Notwithstanding the absence of a binding obligation on the part of the United Kingdom, we conclude that the district court correctly determined that it had constructive control of the funds by virtue of the demonstrated cooperation of the British government pursuant to the 1988 Treaty and the Drug Trafficking Offenses Act. As noted above, in 1990 the High Court issued a restraining order freezing the funds based solely on a request by the United States. See generally Drug Trafficking Offenses Act, Schedule 3, § 13(2) (High Court's authority to restrain assets “shall be exercised with a view to recovering property which is liable to be recovered under an external confiscation order ․ or ․ with a view to making available for recovery property which may become liable to be recovered under any external confiscation order which may be made in the defendant's case”). Subsequently, in September 1993, at the request of the Marshals Service, British law enforcement officials served copies of the forfeiture complaint and warrant on those banks holding the funds. Furthermore, the 1990 High Court restraining order was continued by the High Court in 1994.

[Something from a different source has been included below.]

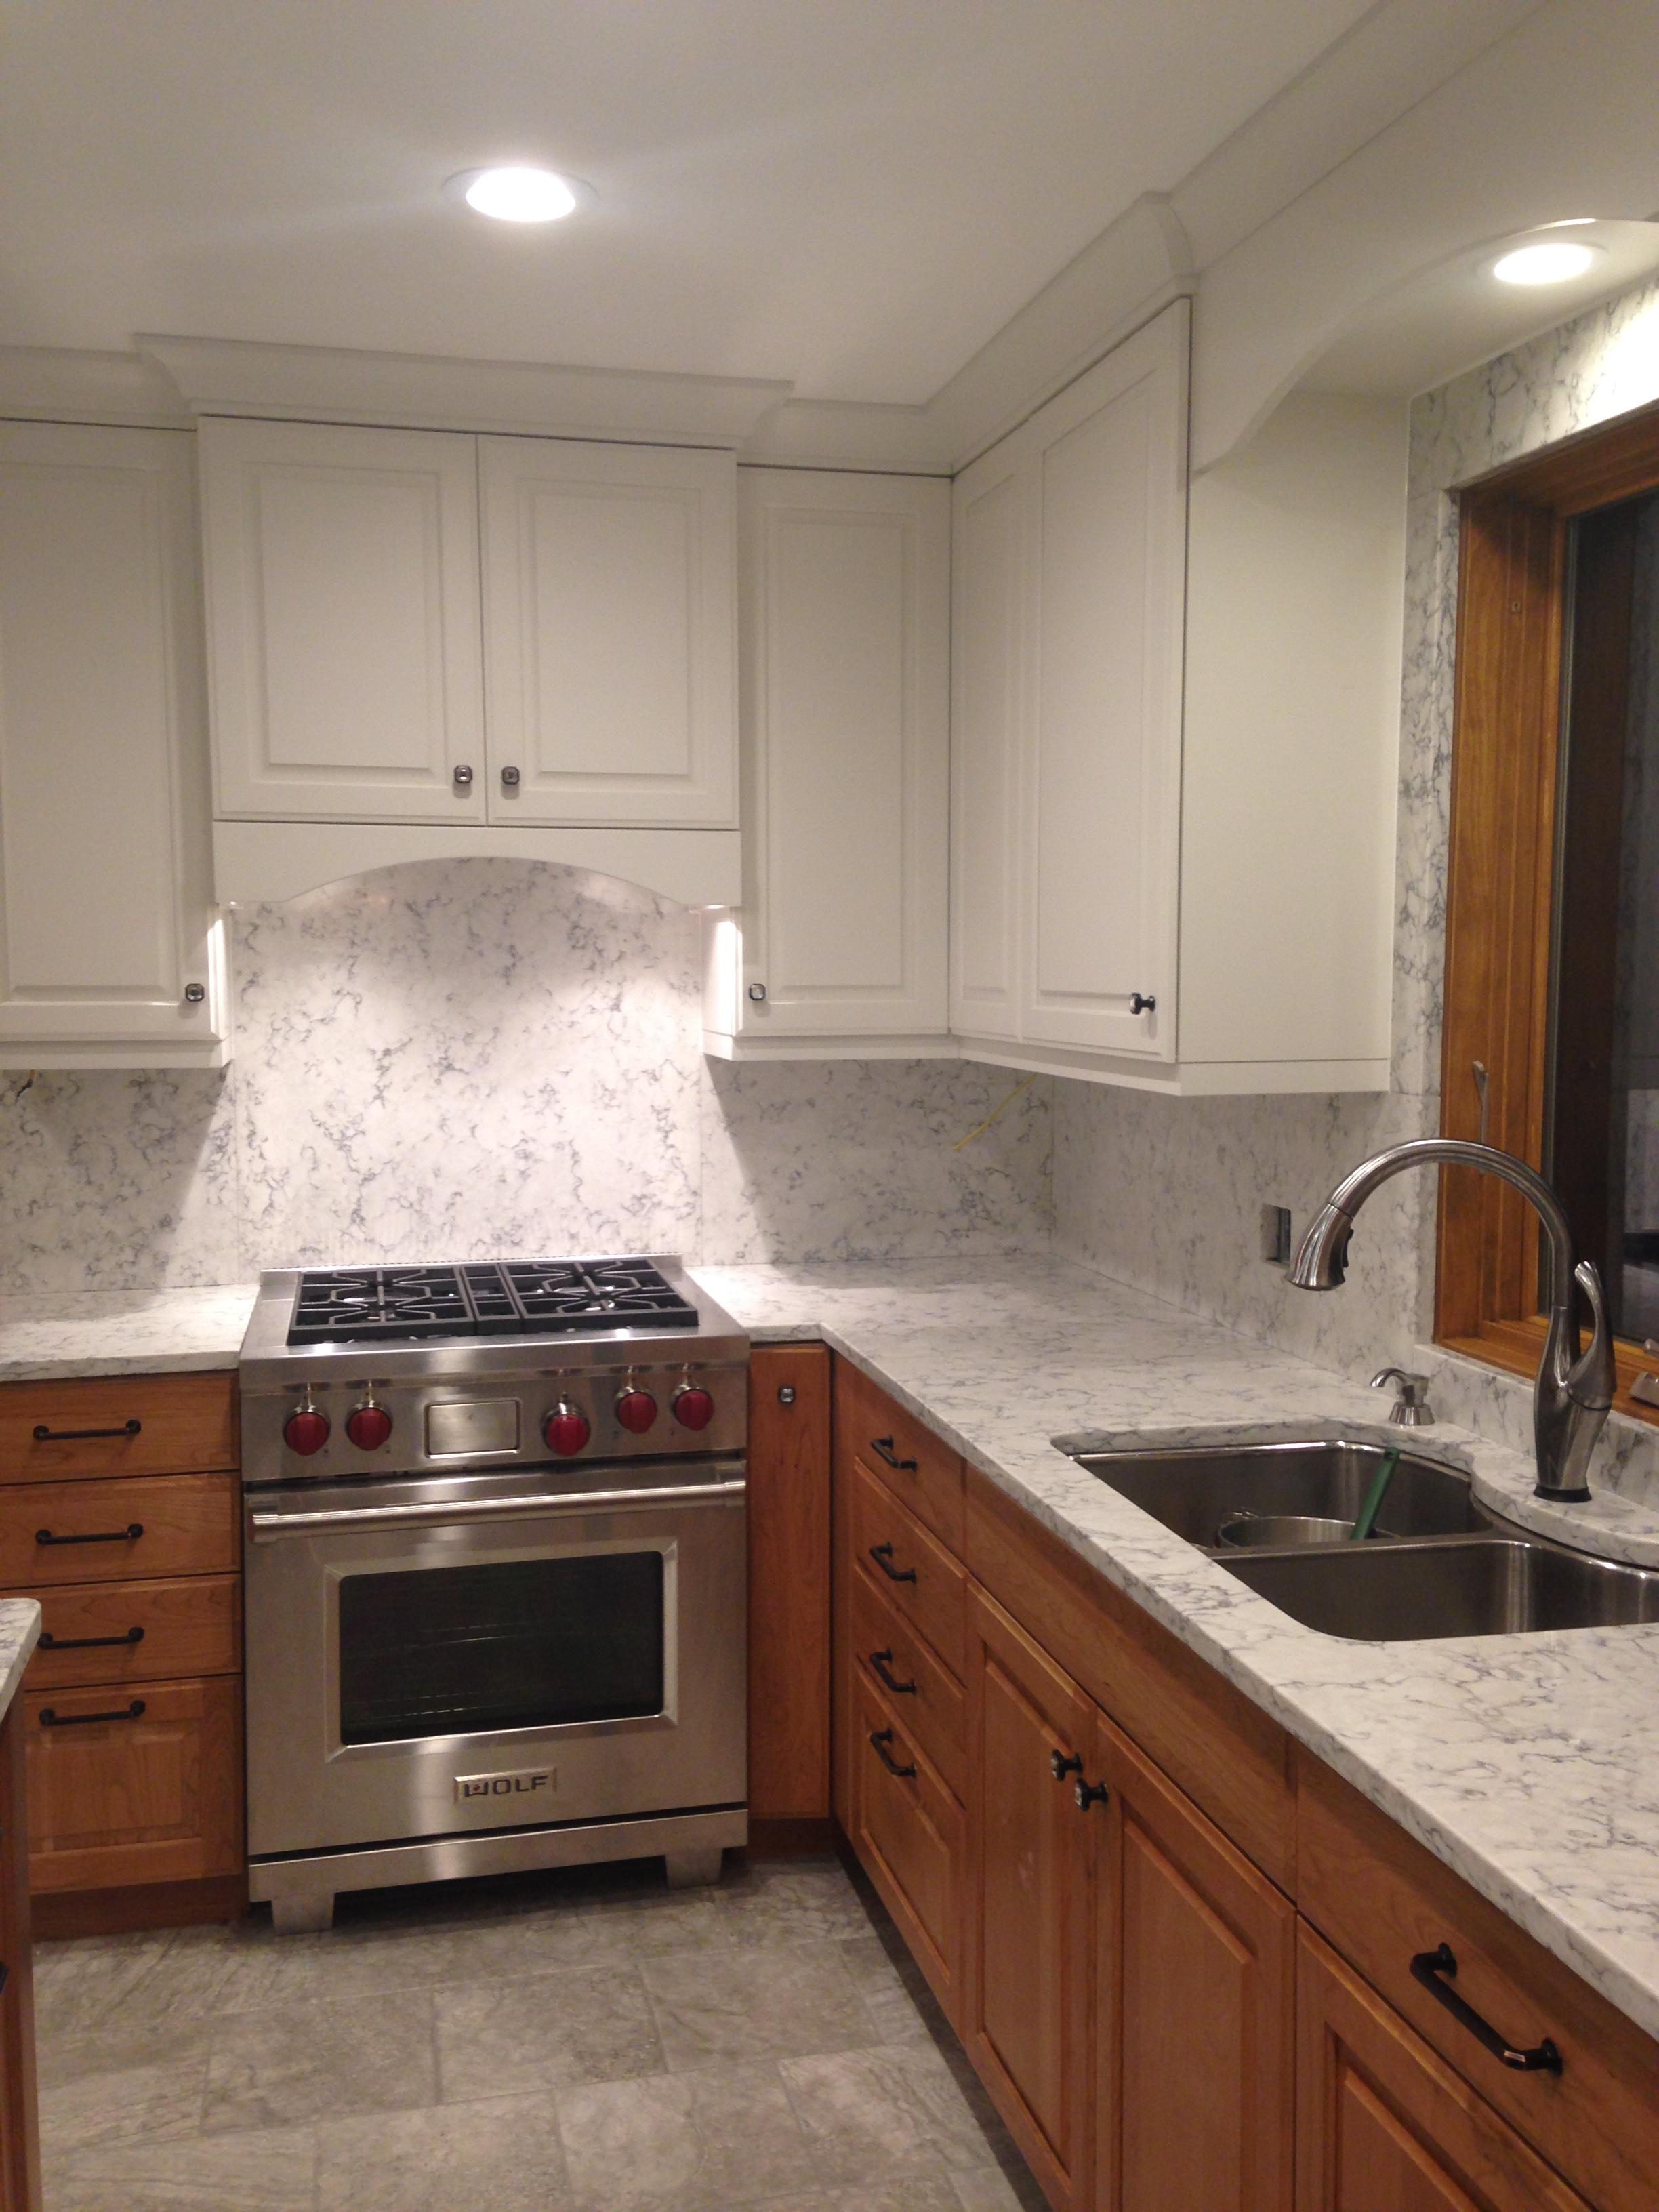 kitchen sink pendant light under cabinet shelving my re-do! quartz backsplash | nina in the

As the district court noted, the United Kingdom acted essentially as an agent of the United States for purposes of this forfeiture action. Every action of the British law enforcement officials has been in direct response to requests from federal authorities. Moreover, the government indicates that in at least two other separate proceedings, the United Kingdom has returned funds to the United States after registering and enforcing decrees of forfeiture entered by a district court.
We decline to adopt claimant's unduly narrow interpretation of constructive control, under which this history of demonstrated cooperation would be irrelevant, absent a binding obligation on the part of the United Kingdom to return the funds. In summary, although we do not today delineate the precise scope of what will constitute constructive control in future cases, we are satisfied that in the instant case the government has met its burden of demonstrating that the British government will turn over at least a portion of the seized funds to the United States, thereby vesting the district court with the requisite constructive control over the funds. See, e.g., Smith, § 9.01  at 9-5 n. 8 (“If jurisdiction is challenged, the government should have the burden of showing that a forfeiture order will be enforced by the foreign government.”). Accordingly, the district court properly asserted in rem jurisdiction in the instant case.
Based on the foregoing, we affirm the judgment of the district court.